Kuntergrau

SO 10.01.2021 | Youtube

Diese Serie ist in verschiedener Hinsicht erstaunlich. Alle, die daran beteiligt sind, machen das ehrenamtlich. Niemand verdient daran, niemand bekommt dafür Honorar. Es gibt nur 15 Folgen – aber andererseits ist das angesichts der ehrenamtlichen Arbeit dann doch viel. Und dafür sieht die Serie aus wie ein Hochglanzprodukt, das auch ganz normal im Fernsehen laufen könnte.
Produziert wird „Kuntergrau“ von einem Verein. Der anyway e.V. betreibt aber vor allem in Köln ein LGBT*-Jugendzentrum.

Es geht um die Freunde Jan, Marcel und Leopold. Und um Lukas, der neu nach Köln zieht und dort schnell auf Marcel trifft, der ihn erst mal abschleppt. Später allerdings verlieben sich Leopold und Lukas. Jan hat unterdessen Probleme mit seinem Freund, weil der auch auf SM-Praktiken steht, mit denen Jan nichts anfangen kann. Die Beziehung zerbricht, und Jan gerät in einen ziemlich bedrückenden Strudel aus käuflichem Sex. Und Marcel, der eigentlich eher auf Sex aus ist, lernt Philipp kennen. Sie beginnen eine für Marcel erstaunliche romantische Beziehung – wenn nicht zwischen beiden ein Geheimnis stehen würde.
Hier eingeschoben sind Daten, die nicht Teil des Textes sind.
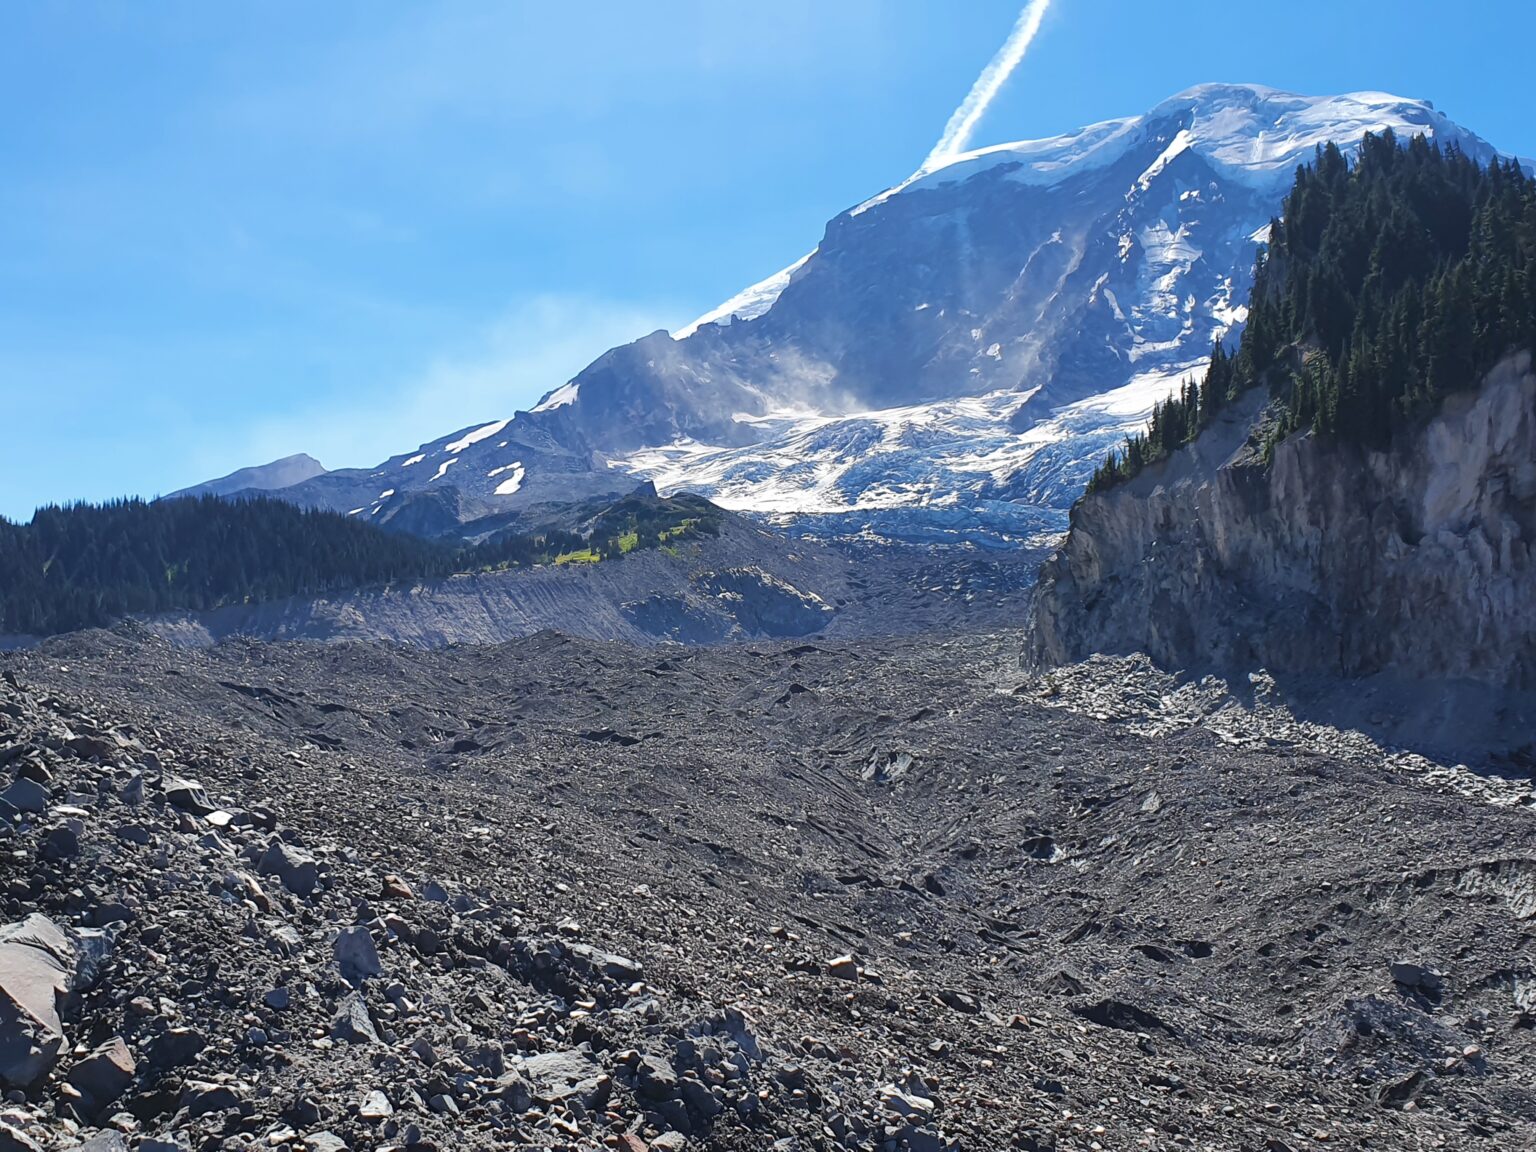 Looking back up the Carbon Glacier as we hike among the boulders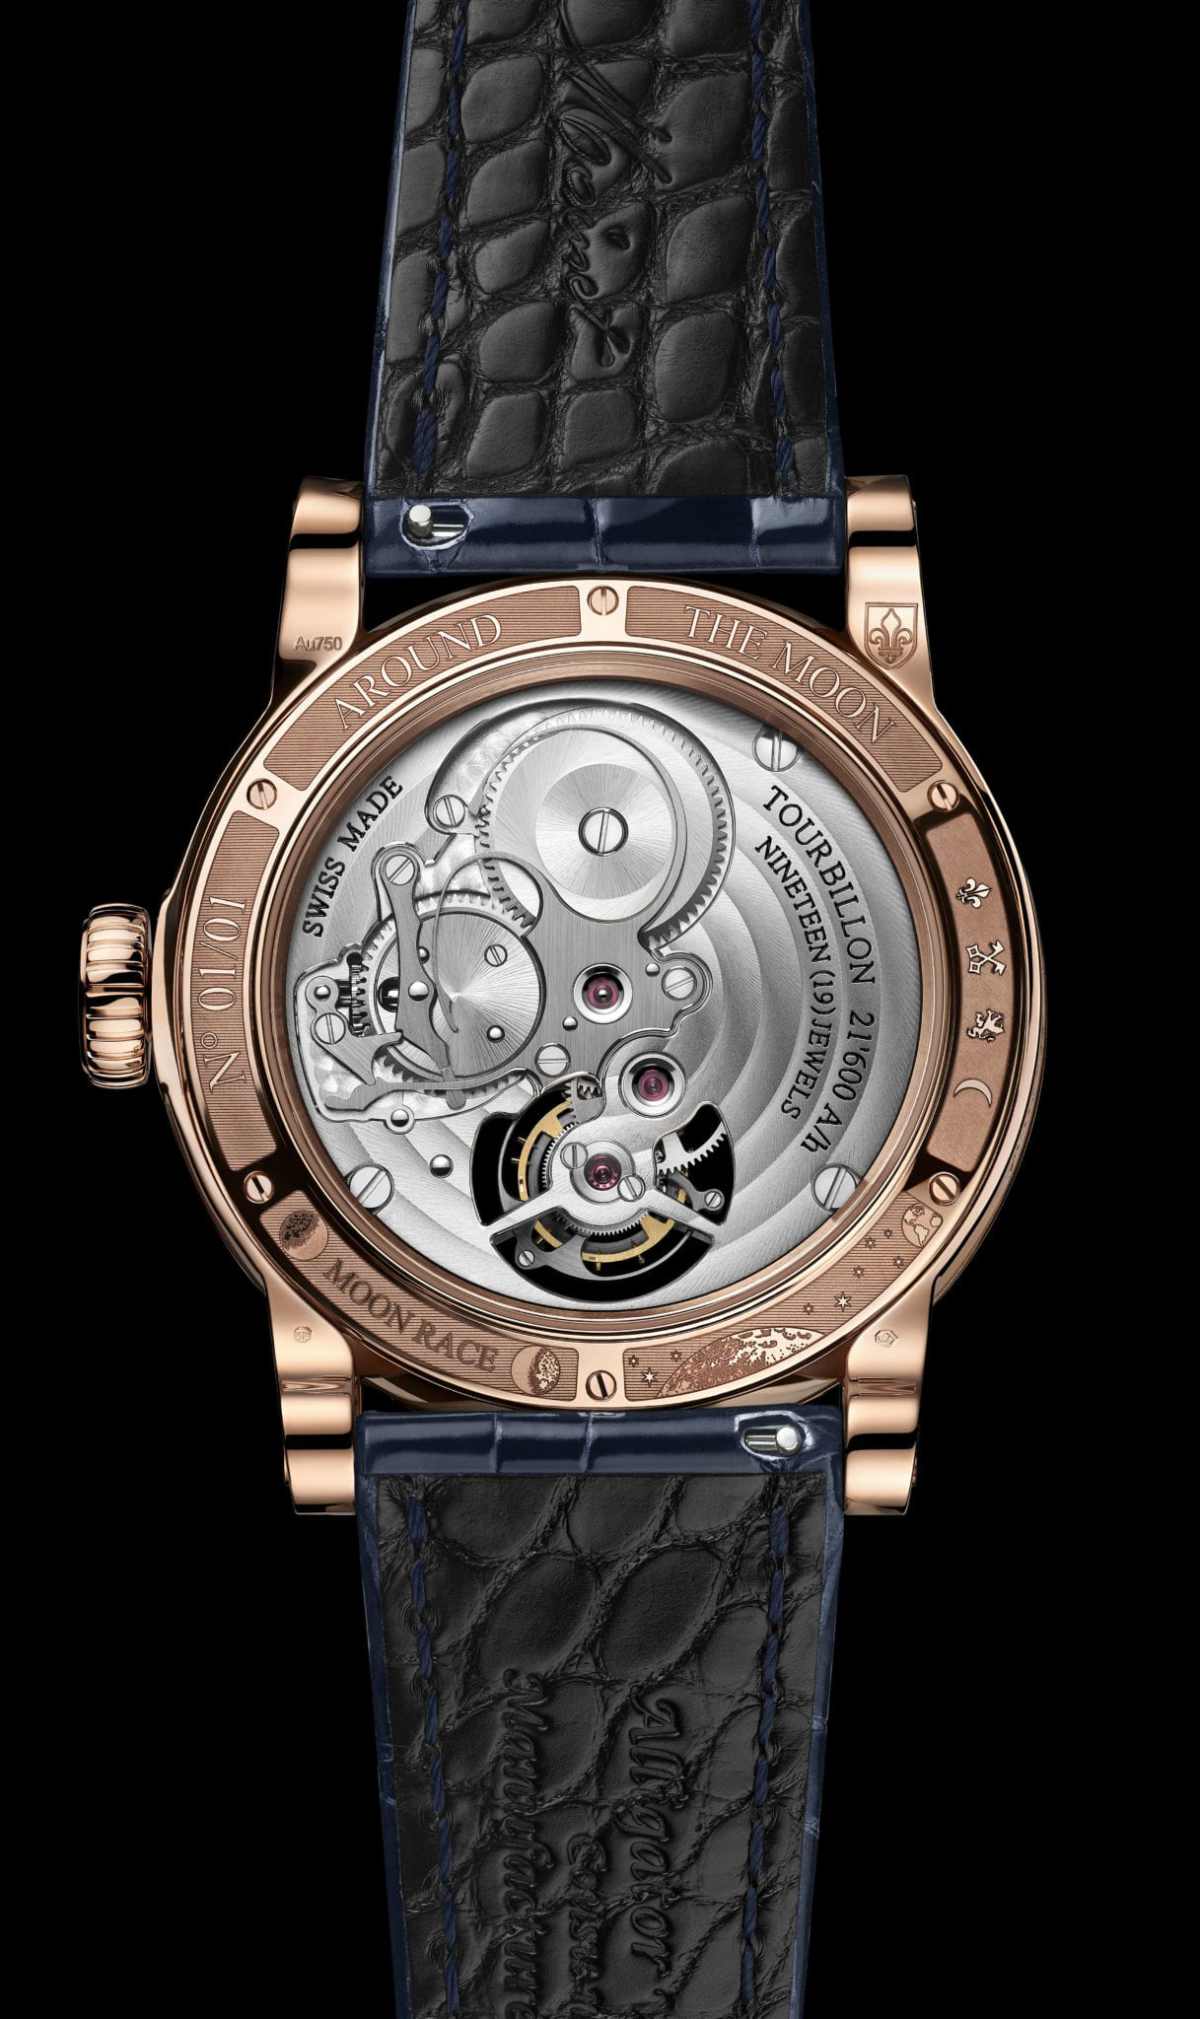 Louis Moinet's Presents Its Moon Race Watch Collection, A Journey Through The Space

Besonders an „Kuntergrau“ ist auch, dass es in dieser Serie hauptsächlich um schwule Jugendliche geht – und zwar geht es explizit nicht um das Coming-Out. Das haben sie hinter sich. Es geht um ihre Probleme und Sorgen, um Freundschaft und Beziehungen oder auch um den Rückhalt in der Familie, der manchmal hart zu erkämpfen ist.
Dabei hat „Kuntergrau“ fast auch einen Bildungsinhalt. Denn ein Schwerpunkt ist der Umgang mit HIV, das aus dem Bewusstsein vieler Jugendlicher längst verschwunden ist. Es geht dabei aber nicht ums Angstmachen, sondern um einen guten, sorgsamen Umgang damit – und um die Aufklärung darüber, was geht und was eventuell nicht geht.

Ganz bitter wird es zu Beginn der 3. Staffel, wenn ein Mitglied aus der Gruppe brutal zusammengeschlagen wird. Die Serie thematisiert auf extrem bedrückende, schockierende und berührende Art und Weise Gewalt gegen Homosexuelle – und in diesem Fall aus purer Willkür. Damit legt „Kuntergrau“ in den Finger in eine klaffende Wunde, denn diese Art der Gewalt ist in Deutschland längst nicht verschwunden – die Übergriffe nehmen stattdessen zu.

Dafür, dass in „Kuntergrau“ ganz überwiegend Laien spielen, merkt man der Serie nur sehr selten an. Schauspielerisch gibt es ganz starke Momente – verstärkt durch ein gutes Drehbuch. Die Kamera konzentriert sich zudem sehr auf die Menschen, ihre Bewegungen, ihre Rührungen in den Gesichtern. Das macht es fesselnd.
Nach den 15 Folgen ist nun Schluss. Das ist schade.